Finally, the transformational mechanism, or what Esser calls the “logic of aggregation”, specifies or reconstructs the often complex processes whereby the actions and interactions of interconnected actors generate the intended or unintended macro-level outcomes, such as the intriguing (resolution of) the tragedy of the commons (e.g., Vollan and Ostrom 2010; Rustagi et al. 2010). (Since this process is rarely one of simple linear aggregation of individual actions, Esser’s term is partly misleading.) As self-proclaimed “structural individualists”, analytical sociologists also attach particular importance to this type of mechanism, because it reminds researchers of the fact that actions are not performed by mutually independent individuals, but take place in various “topologies of social networks” (Hedström and Ylikoski 2010a: 60).

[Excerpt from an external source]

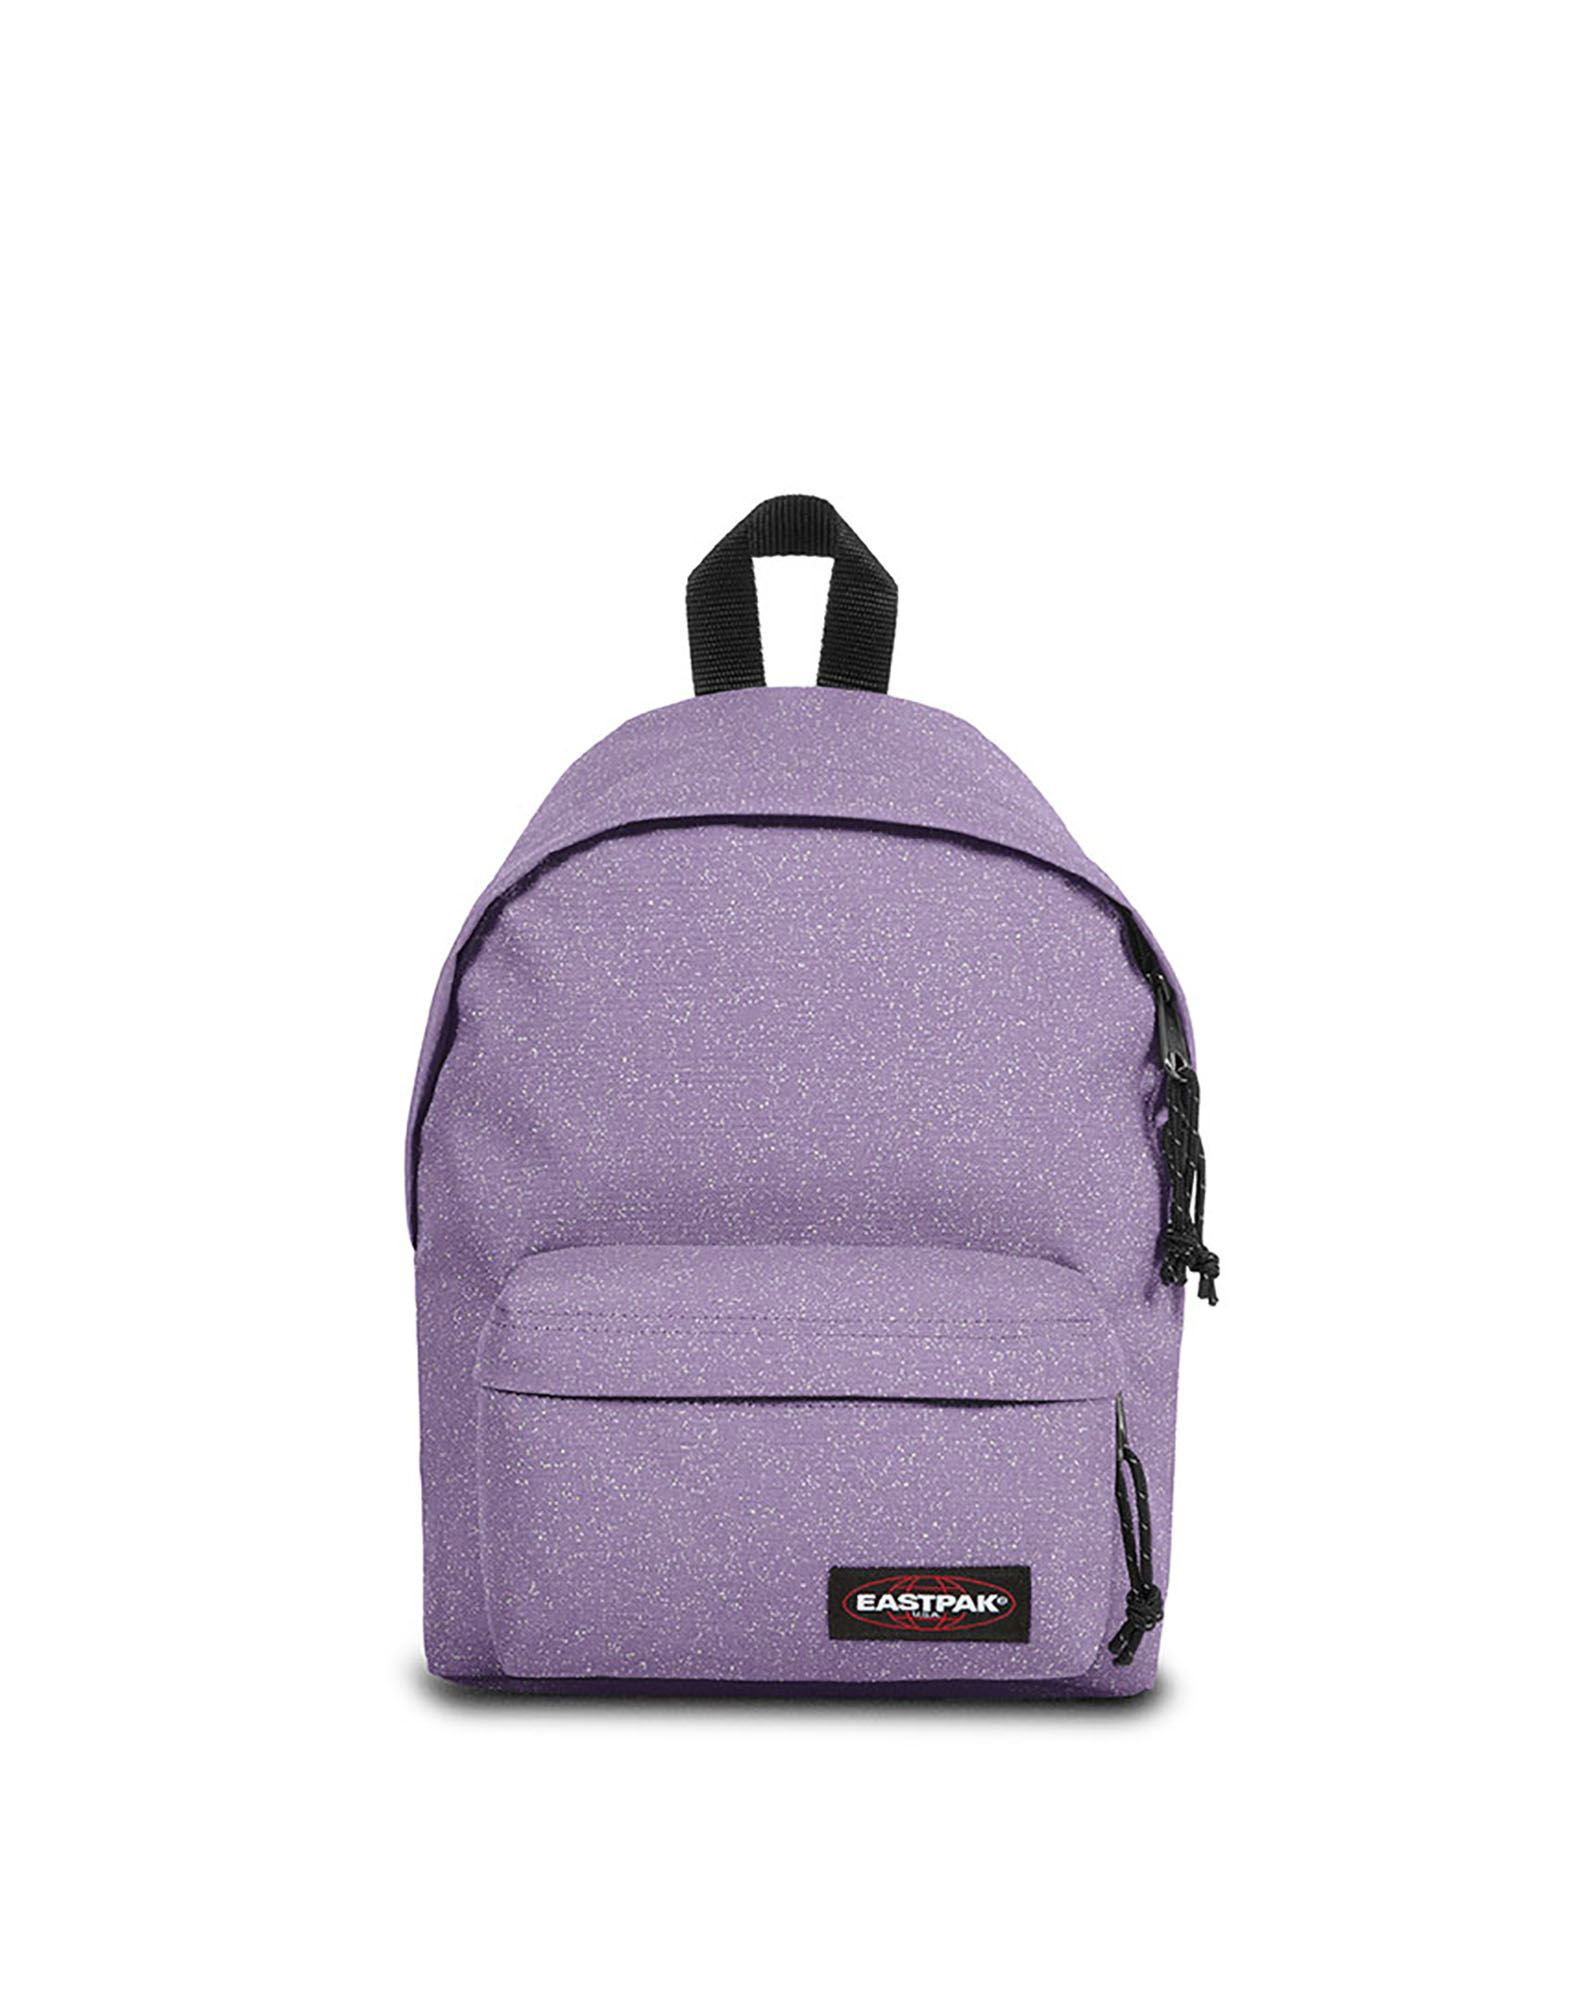 Eastpak Backpacks In Lilac

Now, a number of analytically oriented sociologists strongly argue that only an analysis that studies the whole chain of these three “logics” or mechanisms passes for a satisfactory sociological explanation (Hedström and Ylikoski 2010a: 59; 2010b: 393), but this is also where analytical sociologists diverge. Indeed, for some of them, the emphasis on mechanisms is easily translated into a focus on individual persons and their (inter)actions, since it is generally believed by analytical sociologists that “theories of individual action” constitute “the core of the explanatory mechanisms” (Hedström and Ylikoski 2010b: 393, emphasis added; see also 2010a: 59). But there are others skeptical of this dogmatic insistence on the need to spell out individual-level mechanisms in all social research. For example, no sooner does Barbera (2006: 45, original emphasis) argue, along Hedström and Ylikoski’s line of reasoning, that “macro-phenomenon [is] to be explained by means of some generative mechanism at the level of the action system”, than he emphasizes that the concept of action invoked here is not restricted to individual agents, but includes super-individual entities (Barbera 2006: 45n). That is to say, while theories of action are deemed as necessary to provide the microfoundations of sociological explanation, analytical sociologists differ in their views on the necessity of individual-level action-formation mechanisms.

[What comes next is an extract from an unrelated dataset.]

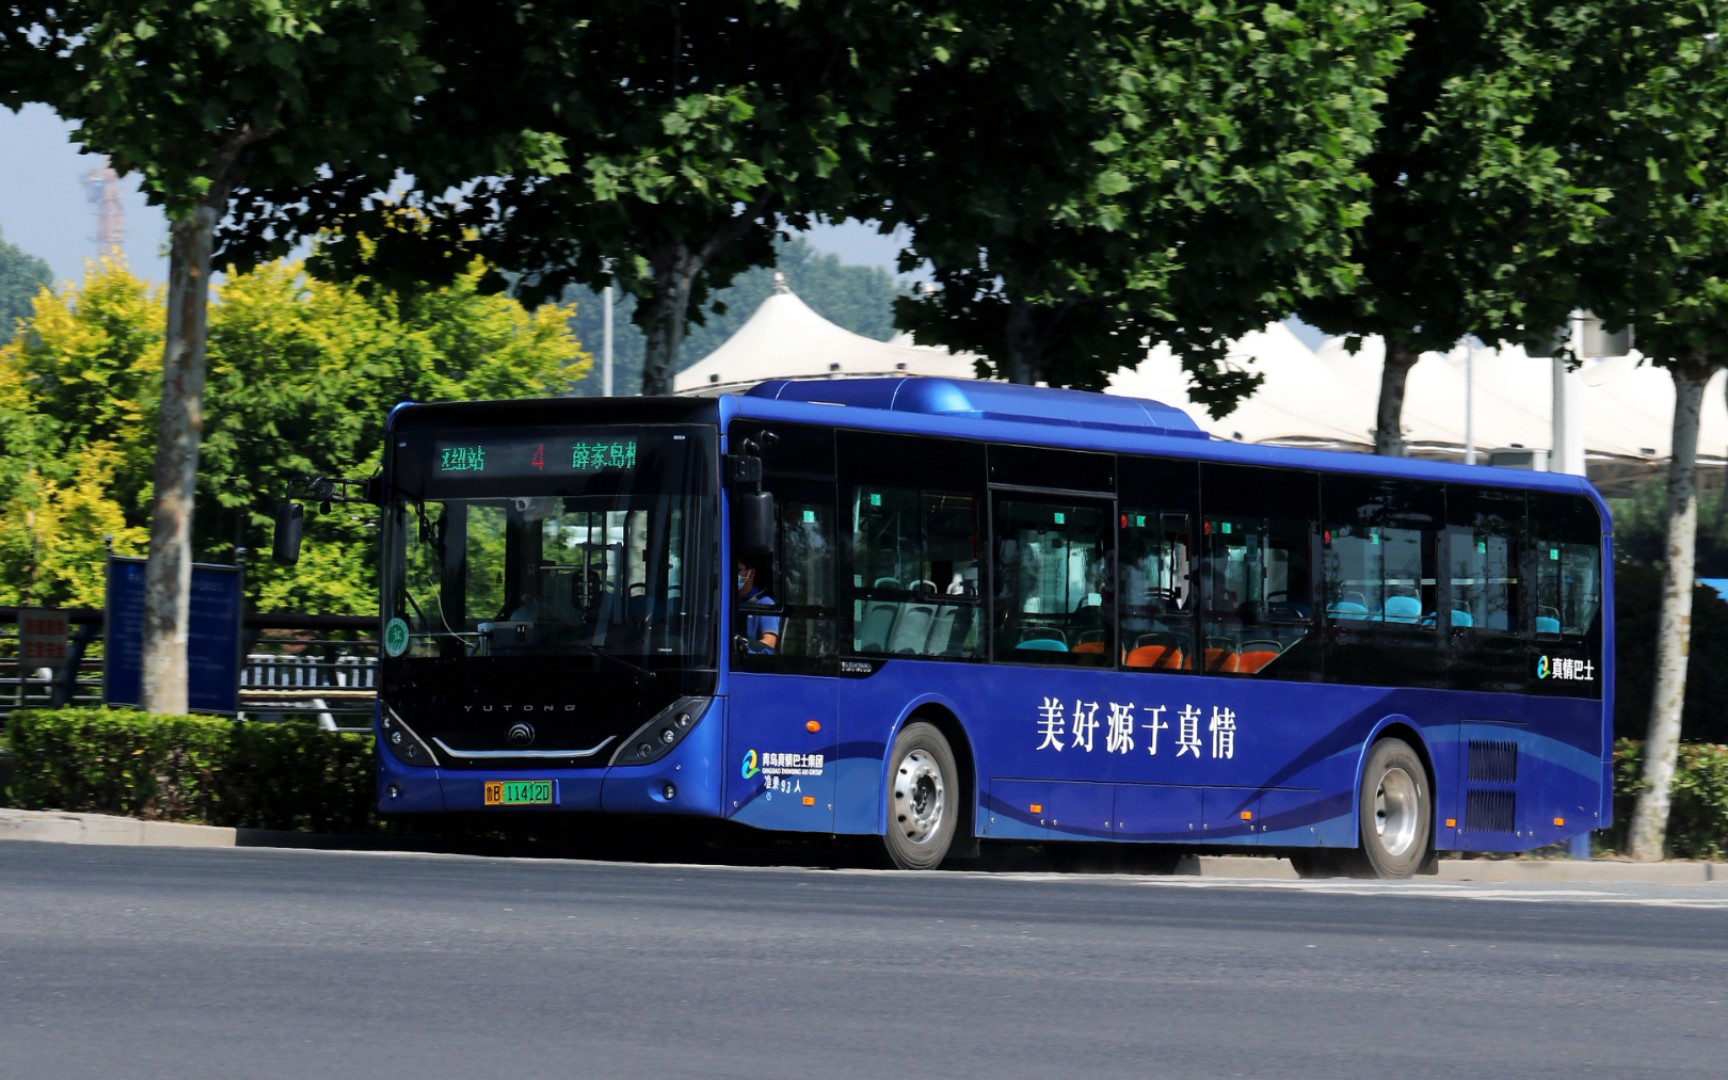 【gog】青岛公交摄影合集·宇通e12i真情巴士2021版

4 Supra-individual Actors qua Concrete Systems with Emergent Causal Powers

The nub of this problem, in my view, lies in the crucial question regarding the ontological status of macro-social entities. This question can in turn be subdivided into two questions: (1) Do supra-individual actors/agents exist, or, are actors/agents endowed with causal powers necessarily (socially situated) individuals? (2) Are macro-social mechanisms real processes, or are they merely collective concepts to which any ontological status should be denied? Let me address the first question in this section and consider the second in the next.

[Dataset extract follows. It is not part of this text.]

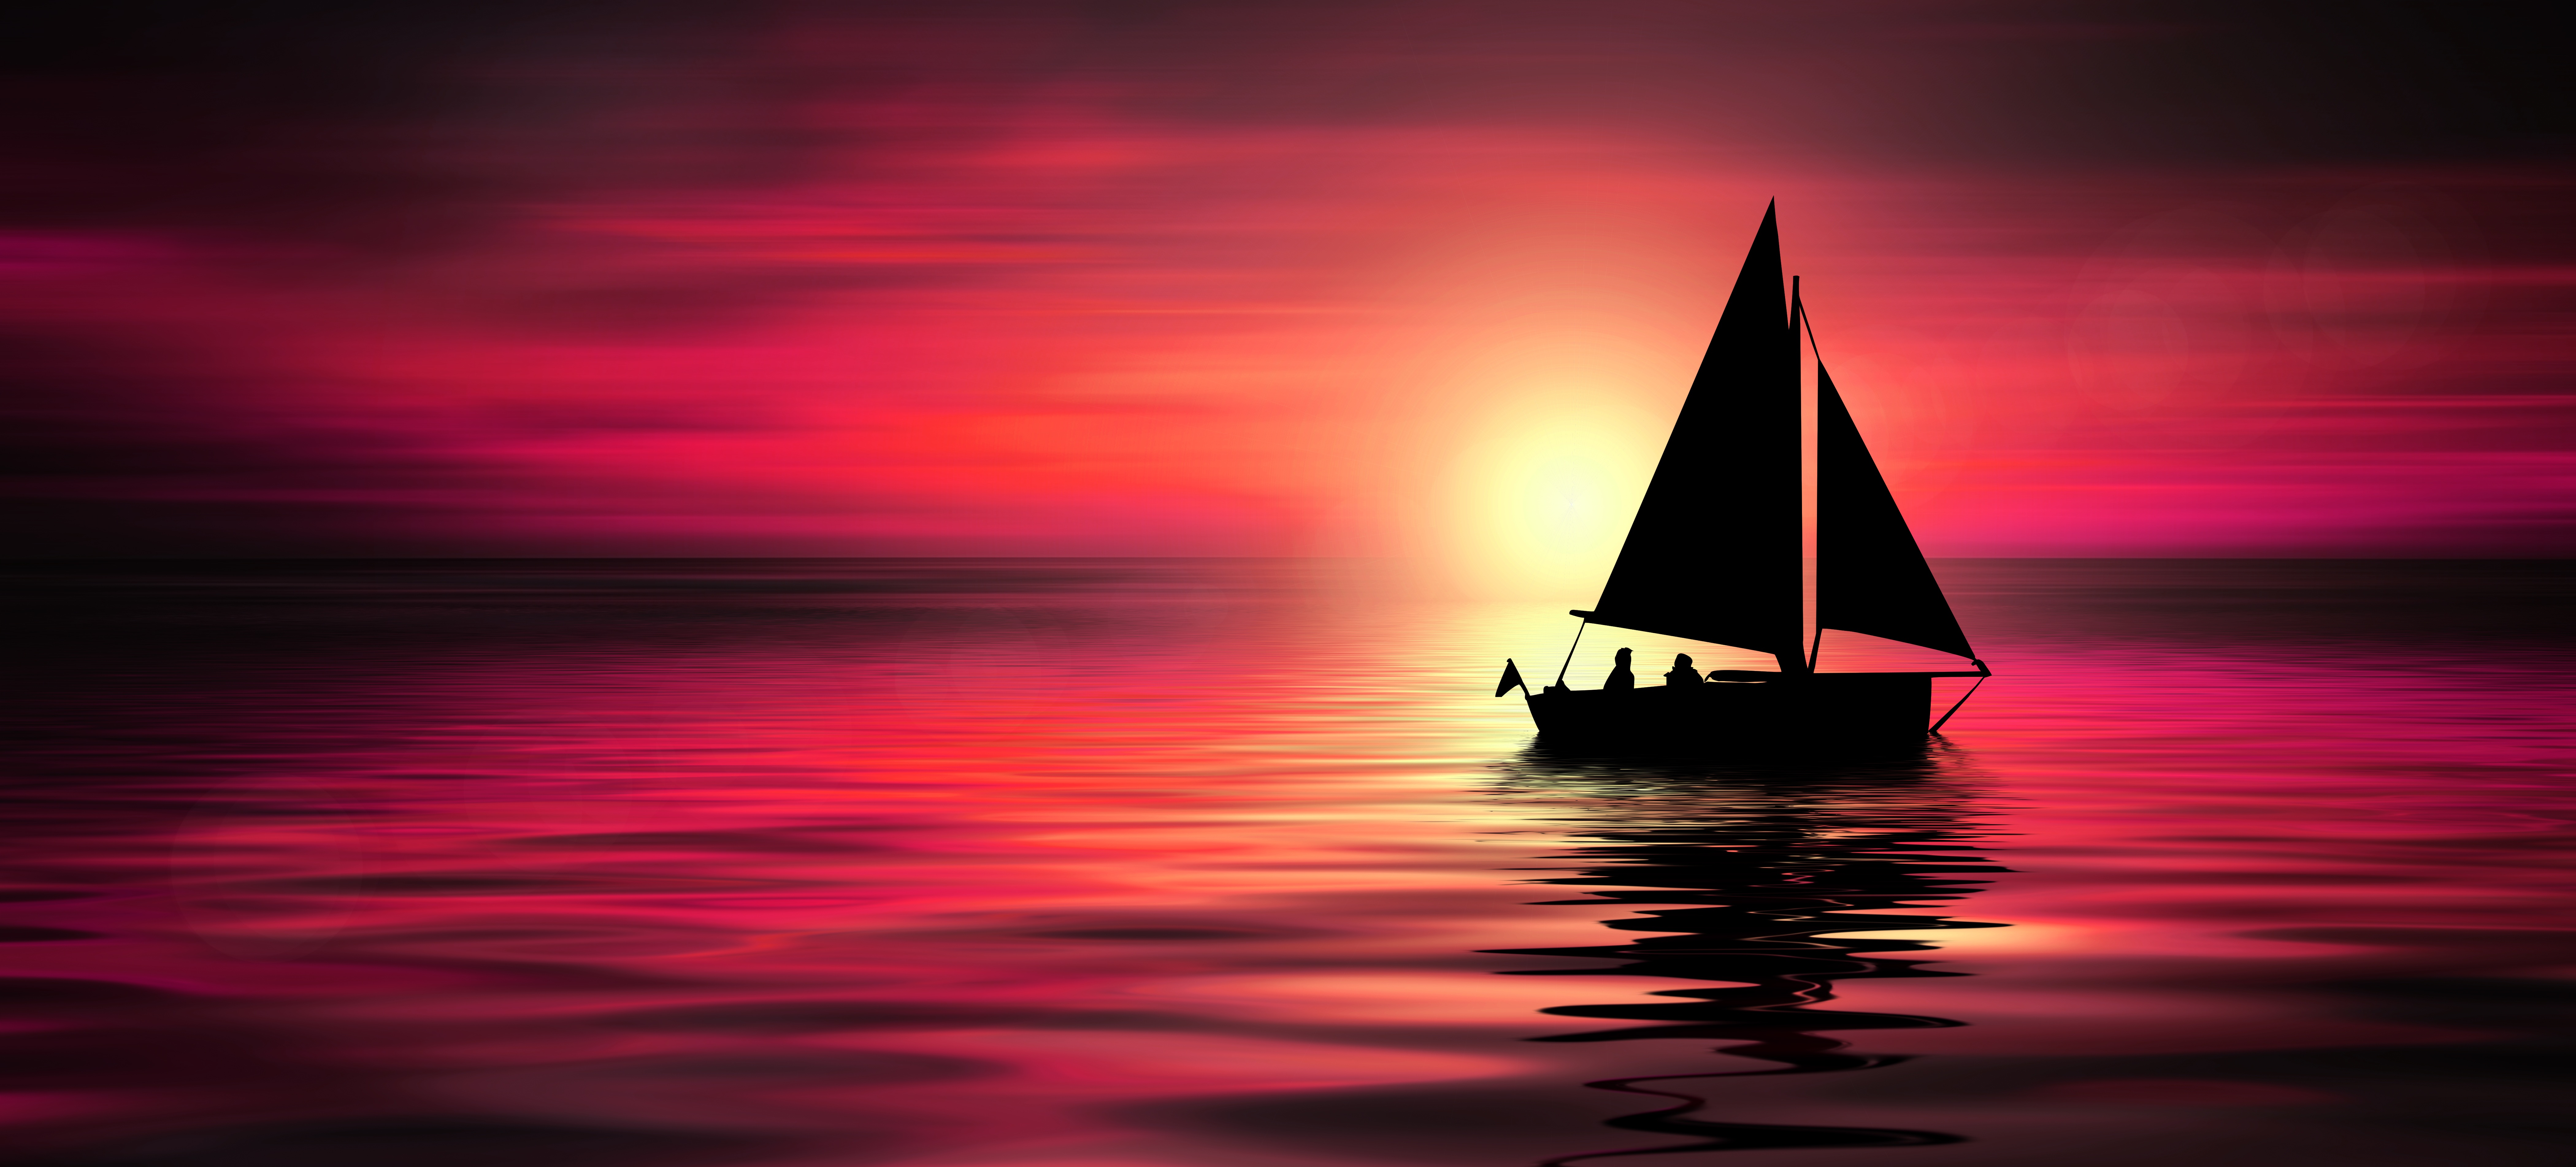 sail, silhouettes, sea, night, horizon, dark

A mechanism-based explanation generally has to do with certain forms of part-whole relationship (e.g., prising opening the “black box” of a system), whether the object of research is the working of a concrete system, or an event/phenomenon that involves interacting concrete systems and their emergent causal powers. In this sense, to say that a mechanism is invoked in a causal explanation typically means that certain details at a lower level of organization are specified (and therefore certain sorts of microfoundations for the causal claims are offered), or that a multi-level (e.g., macro–micro–macro or micro–macro–micro) explanatory strategy is carried out. In other words, mechanismic explanations are “deep” insofar as they integrate levels of analysis by performing micro-reduction (Marchionni 2008: 326; see also Kuorikoski 2009: 148; Barbera 2006: 34; see also Wan 2011 on reduction and reductionism). However, as Kincaid (1997: 26, 2002: 304) argues, the description of mechanisms can be in more or less detail and at different levels. That is to say, the micro-foundations of a social explanation need not be built exclusively at the level of individual persons. To challenge or tone down the dogmatic insistence on going down to the individual level to explain collective phenomena in all cases, one tends to emphasize (1) the pragmatic reasons for not doing so (e.g., when suitable long-term data concerning individuals is unavailable), (2) the possibility of successful causal inference without referring to any individual-level mechanisms (e.g., with the help of sophisticated statistical techniques), and (3) the well-known “infinite regress” question that leaves individualist mechanism-based accounts untenable as well (see Wan 2011: 148–150, 153–154). But the equally important issue that interests us here is the ontological status of supra-individual actors of various kinds, which possess systemic or emergent properties absent from the individuals that constitute them.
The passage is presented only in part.